I quite agree with the first proposal in the noble Lord's Bill and that we should remove Sections 132 to 138; I also go along with him that we should celebrate Parliament Square and make it accessible to everyone. Let us make it a speakers' corner-that would be quite right. Let us have a variety of demonstrations and different ideas being floated about our politics and other people's politics-I do not see what the problem is.
We ought to examine ourselves and ask whether we as a Parliament really want to be part of suppressing people's right to demonstrate even if that means occupation. I would argue that that occupation is very orderly, as anyone who was there during the recent Royal Wedding and saw encampments all over that area will know. People were camping and no one said, "This is squalor". There was a lot of squalor, I can tell you-I walked through it-but, of course, it is remembered as a joyous occasion. So it is a joyous occasion when people agree with what the establishment wants-there is joy and everyone is fine-but if you do not agree, it is squalor. I reject that.
I say let the people who are there be there. Yes, let us open up Parliament Square-I do not have a car so I do not worry too much about traffic; whatever you want to do about traffic, do it-but do not remove the people who are there because the fact that they are there is one of the greatest tributes to our democracy. The excuses are always related to issues other than politics-noise, squalor, inconvenience-but they have a political subtext. It may seem harmless but there is a political subtext to it. You do not like looking at those posters; they are terrible. They remind you of things which you probably think are all lies. Refute them-but do not deny the right of people to demonstrate.

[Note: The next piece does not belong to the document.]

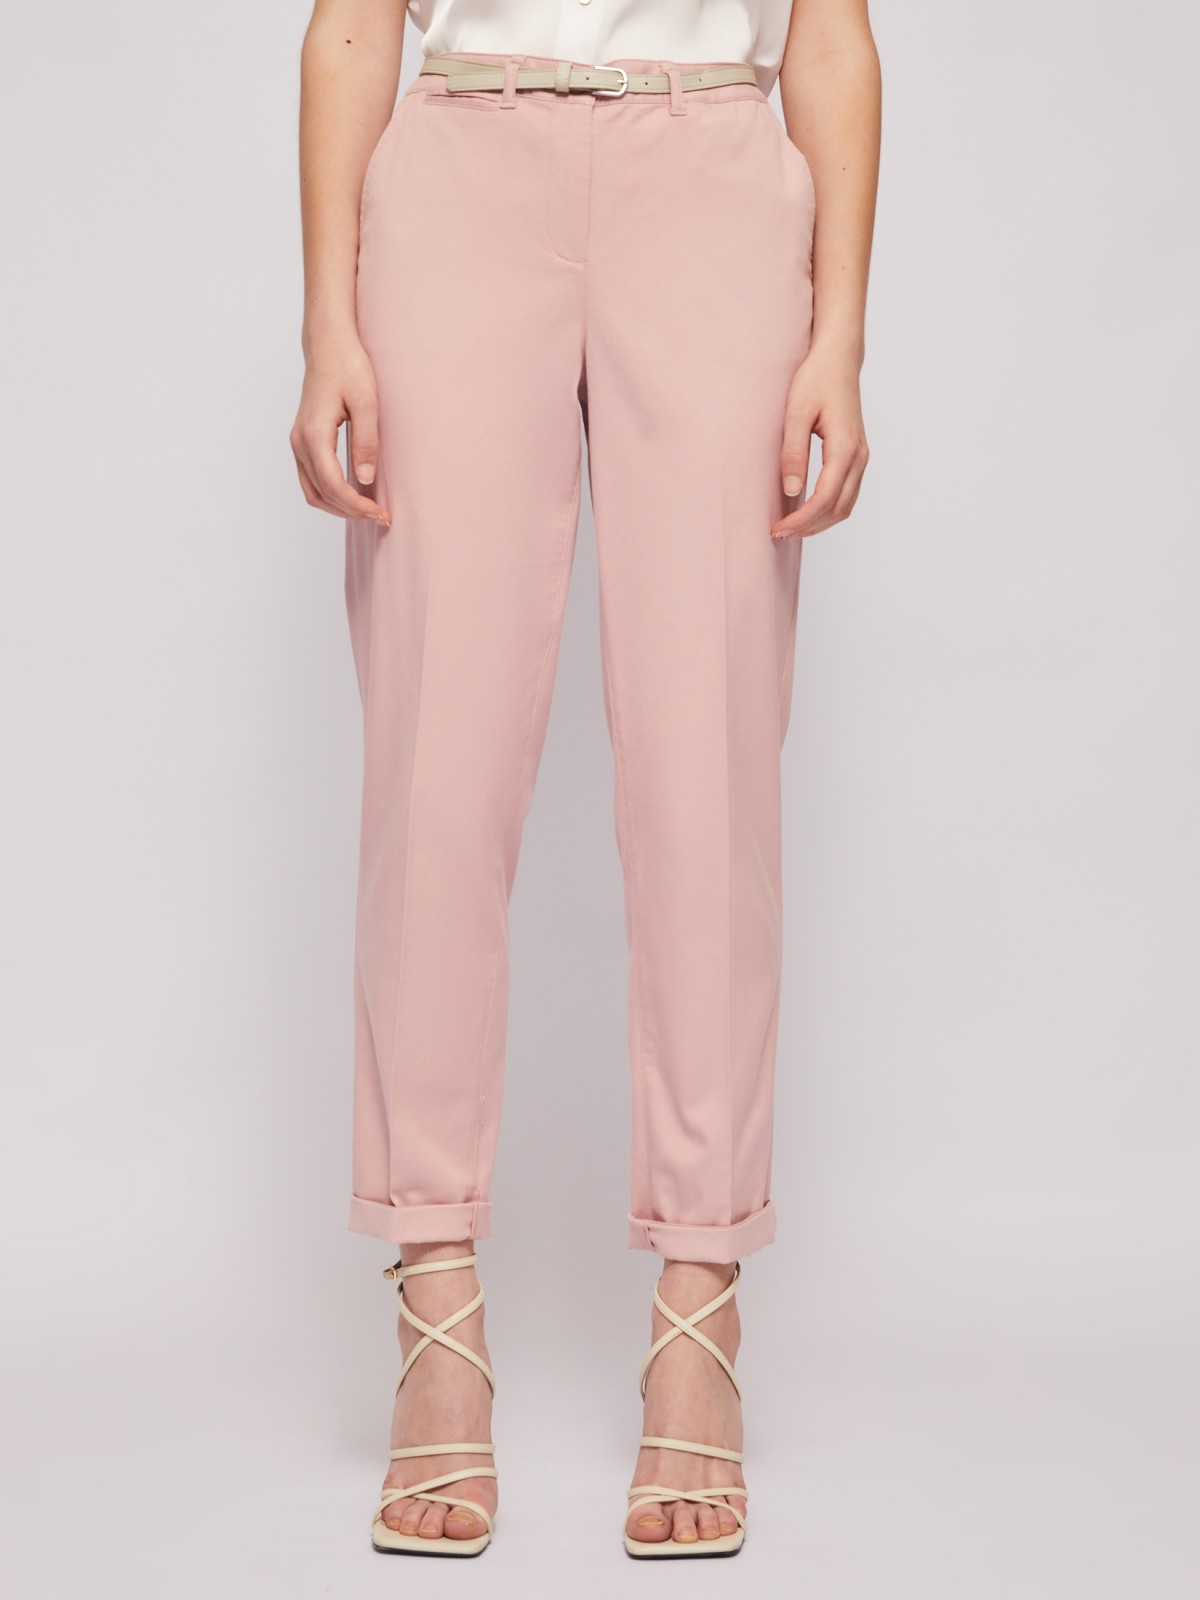 Офисные брюки-чинос со стрелками и ремнём zolla 02422736F043, цвет розовый, размер S - фото 2

I urge the Government to accept what the noble Lord asks for in his Bill which is already in the political and social forums through the Act, but to desist from doing anything which would remove the right of people to demonstrate as and when they think necessary.

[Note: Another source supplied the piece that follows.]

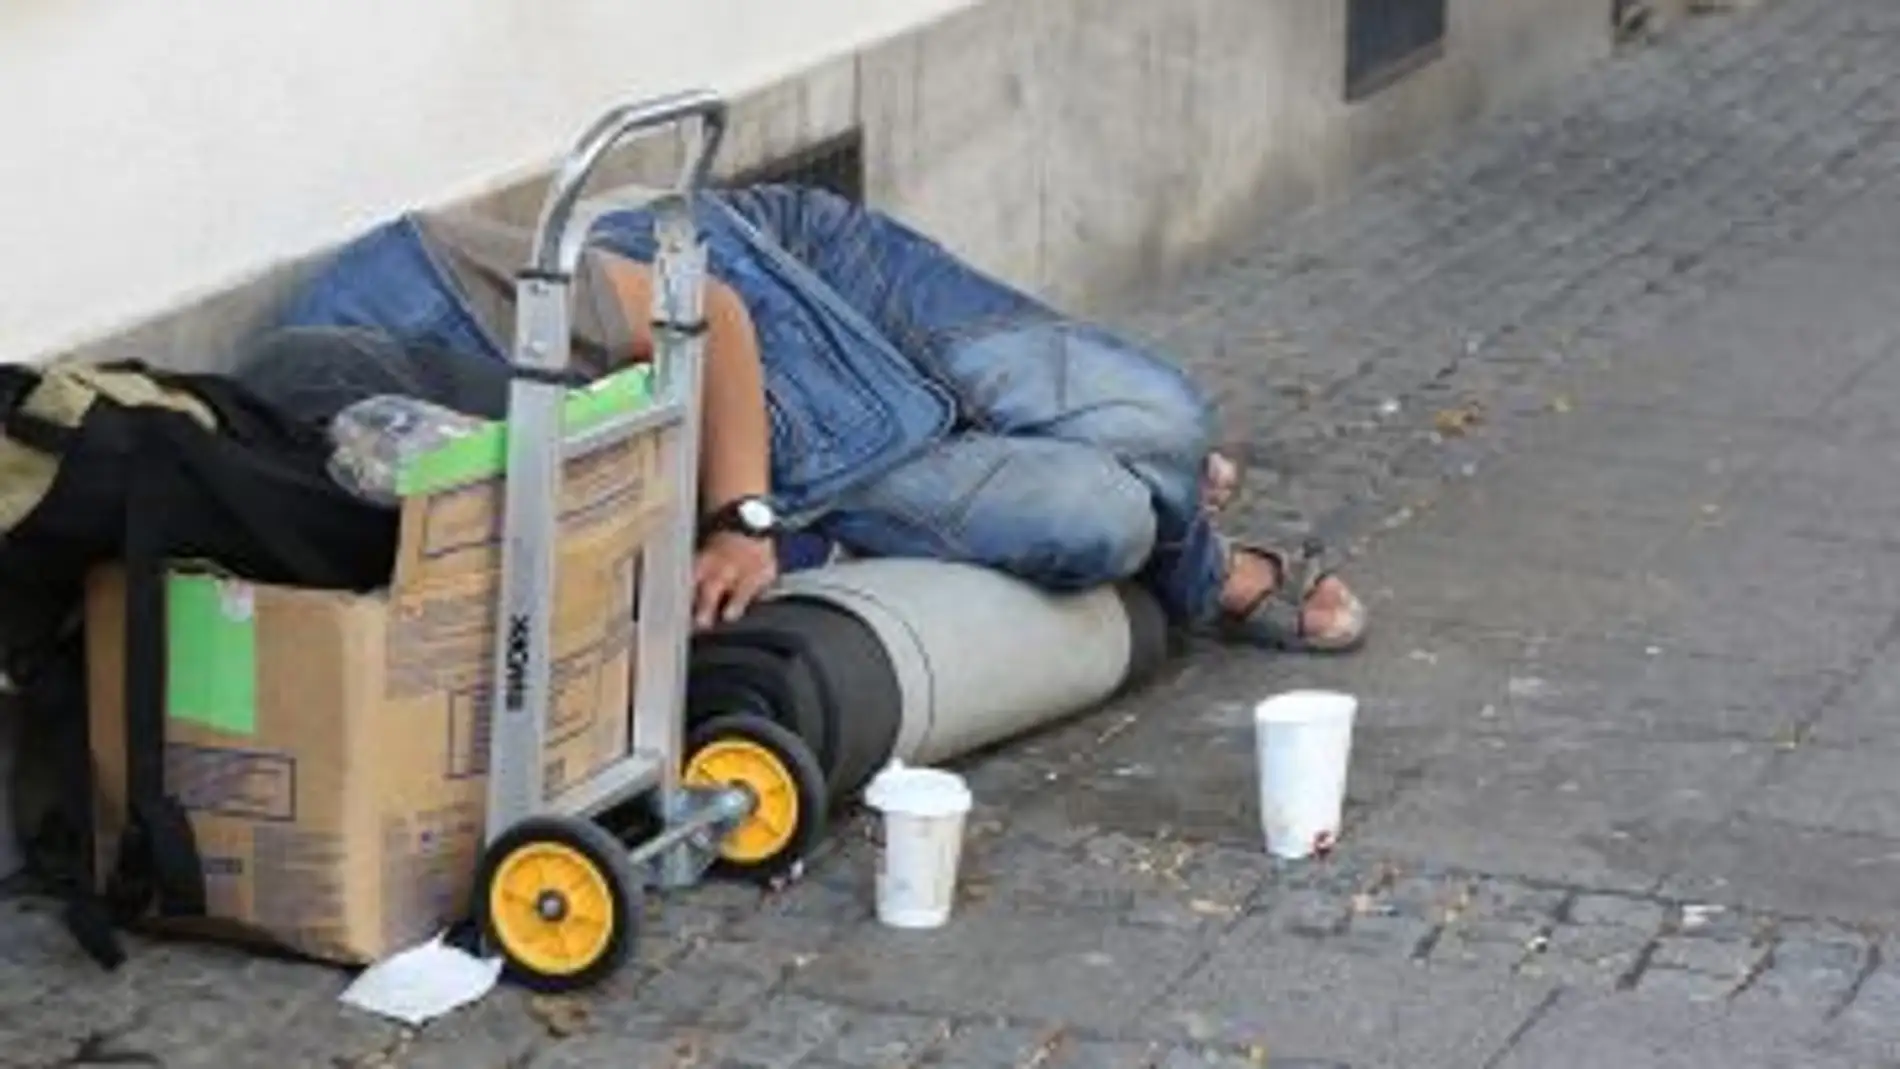 Un "sin techo" durmiendo en la calle

Baroness Trumpington: My Lords, a very long time ago I asked a question on this matter in this House. I congratulate the noble Lord, Lord Tyler, on introducing the debate and the Bill; I hope that the three councils involved in this matter will read every word that is said in this Chamber today. The mistake that has been made is not telling the people who are in their little tents where they can legitimately go. I hope the Minister can tell us of sites or a site-speakers' corner or where have you-where they can legitimately do what they want to do without making such a terrible mess of a place of great beauty and state importance.
Lord Wills: I was not going to say anything, but the words of the noble Lord, Lord Tyler, reminded me of the many gruelling months that I spent in the last Government as the Minister responsible for these issues, so I felt that I should speak in support of his Bill. I am also in support of the careful way in which he has tried to strike a balance.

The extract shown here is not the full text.